In a known construction, the difficulties which result from the change in the chamber diameter, corrected by the fact that a Winding of the pipes used with different pitches around the longitudinal axis of the chamber is placed. Another known variable diameter rocket combustion chamber consists of tubes running next to one another in the axial direction, which at points Larger diameter of the combustion chamber in the circumferential direction aligned with one another oval are pressed, with the major axis in the circumferential direction so that they are with adjacent Pipes can still come into contact, while in places of smaller diameter In the chamber, the pipes are left with a circular cross-section.
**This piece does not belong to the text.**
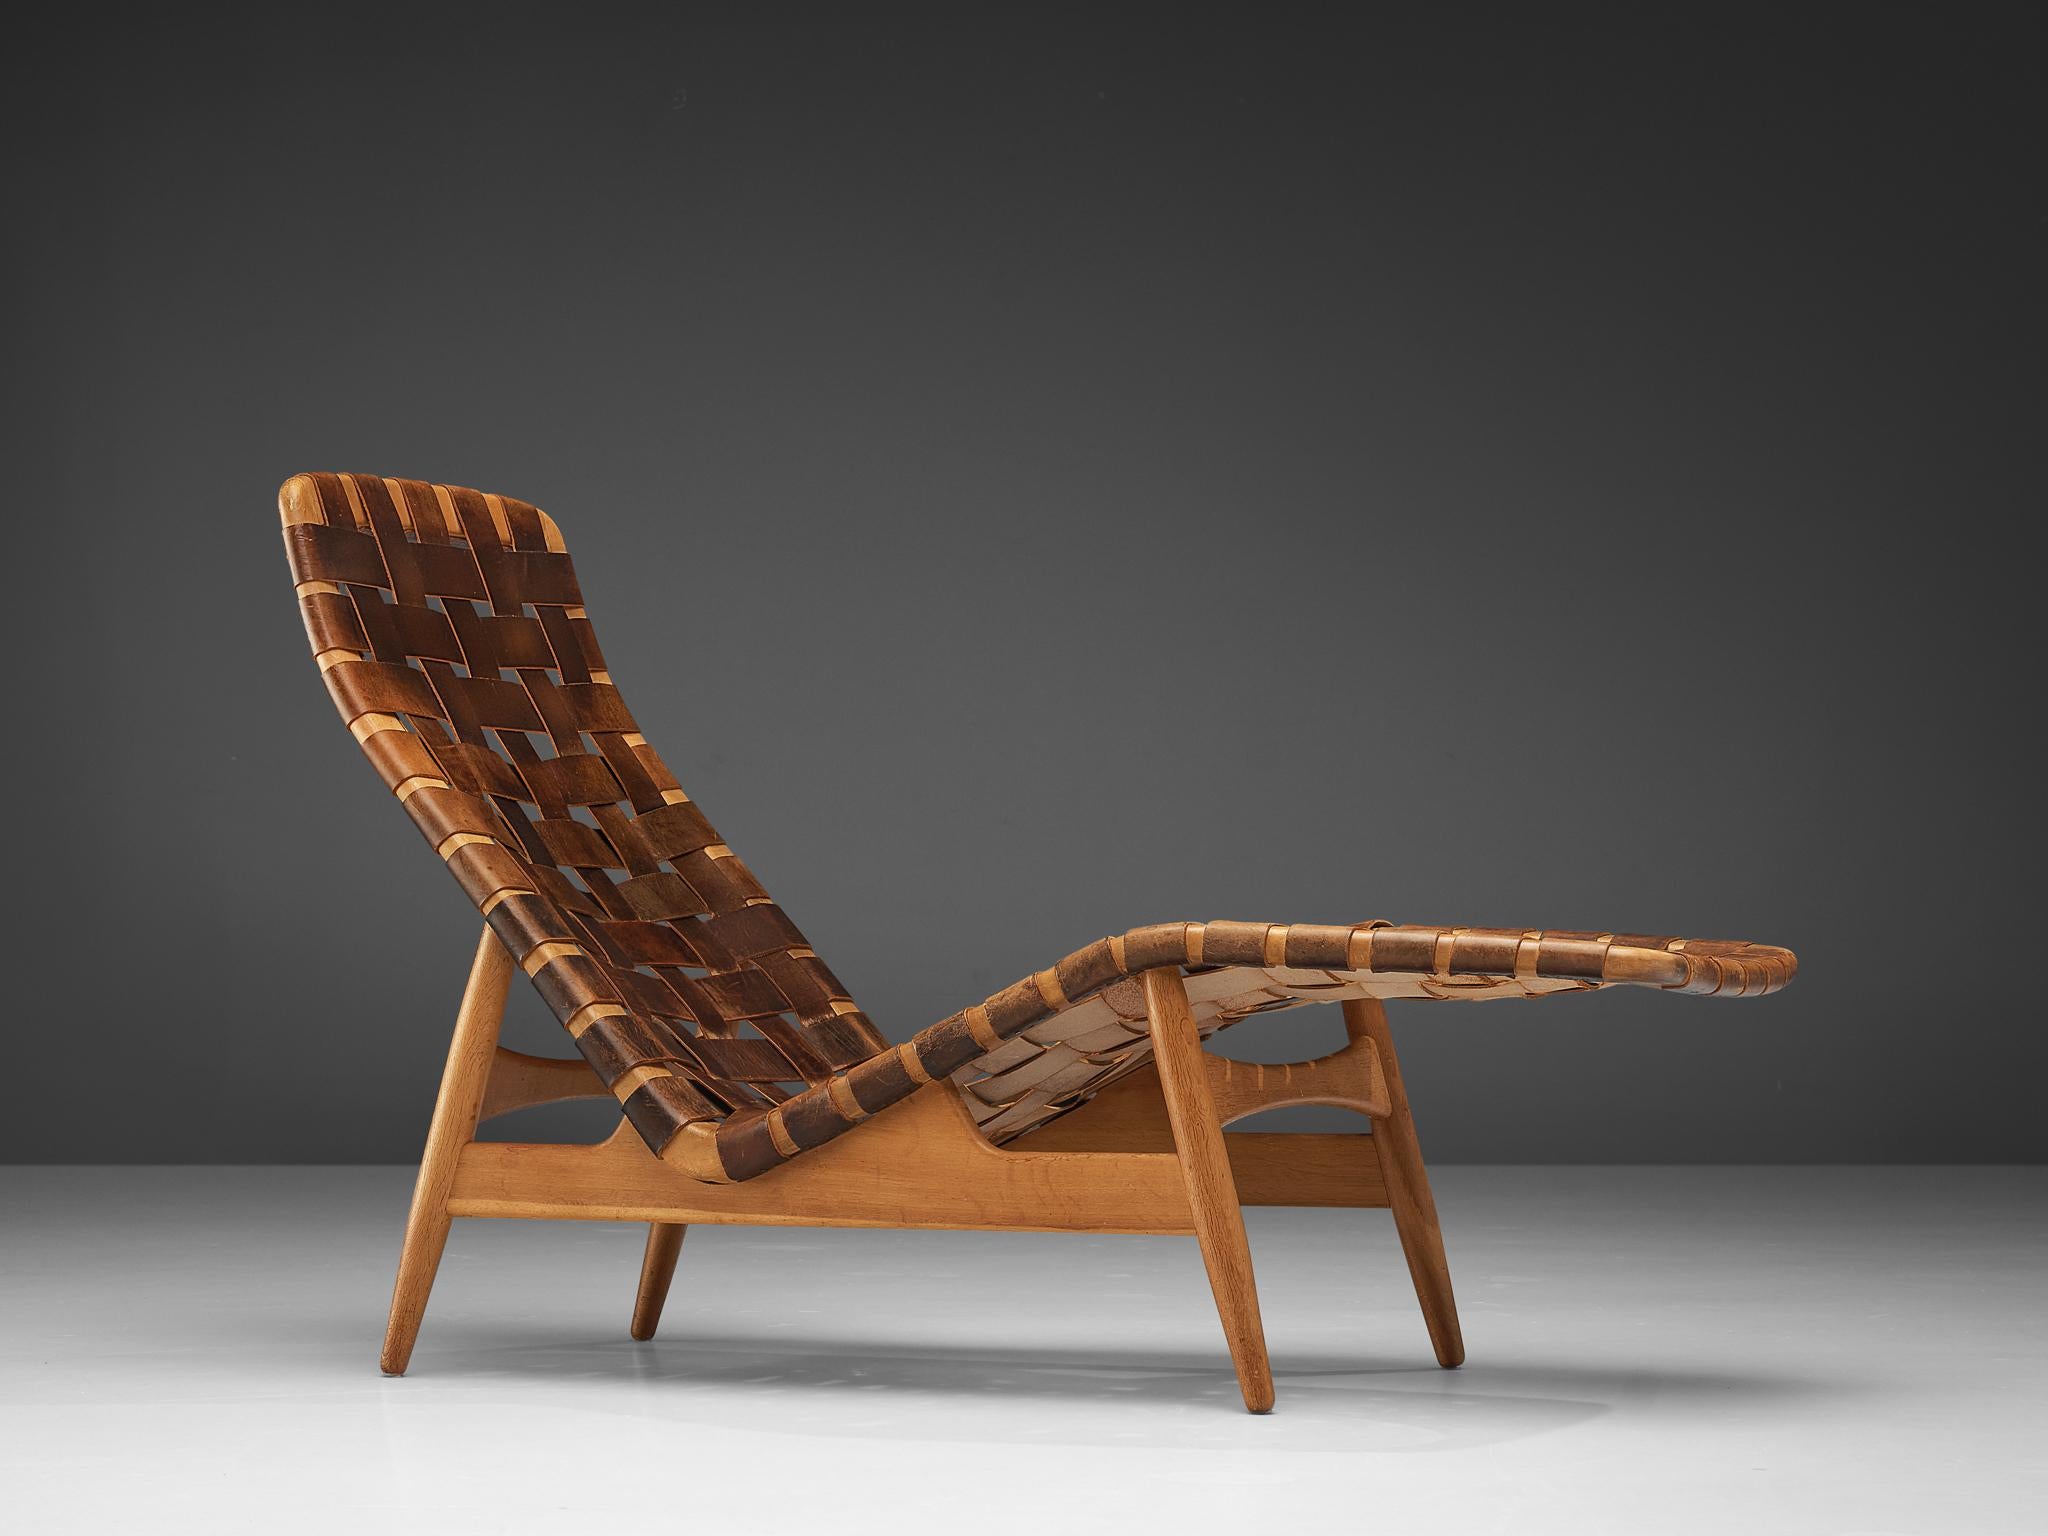 Arne Vodder für Bovirke, Chaiselongue, Leder, Eiche, Dänemark, 1950er Jahre.

Chaise longue, entworfen von Arne Vodder für Bovirke in den 1950er Jahren. Diese Chaiselongue hat einen offenen Rahmen aus Eichenholz und eine Sitzfläche aus geflochtenen

With the invention, the last-mentioned construction is improved, and the invention thus relates to a rocket combustion chamber with a meridional section changing diameter along the longitudinal axis, the boundary wall of which consists of in axially extending rods arranged next to one another is formed, which are aligned with one another in the circumferential direction at points of larger chamber diameter and are in contact with the neighboring bars.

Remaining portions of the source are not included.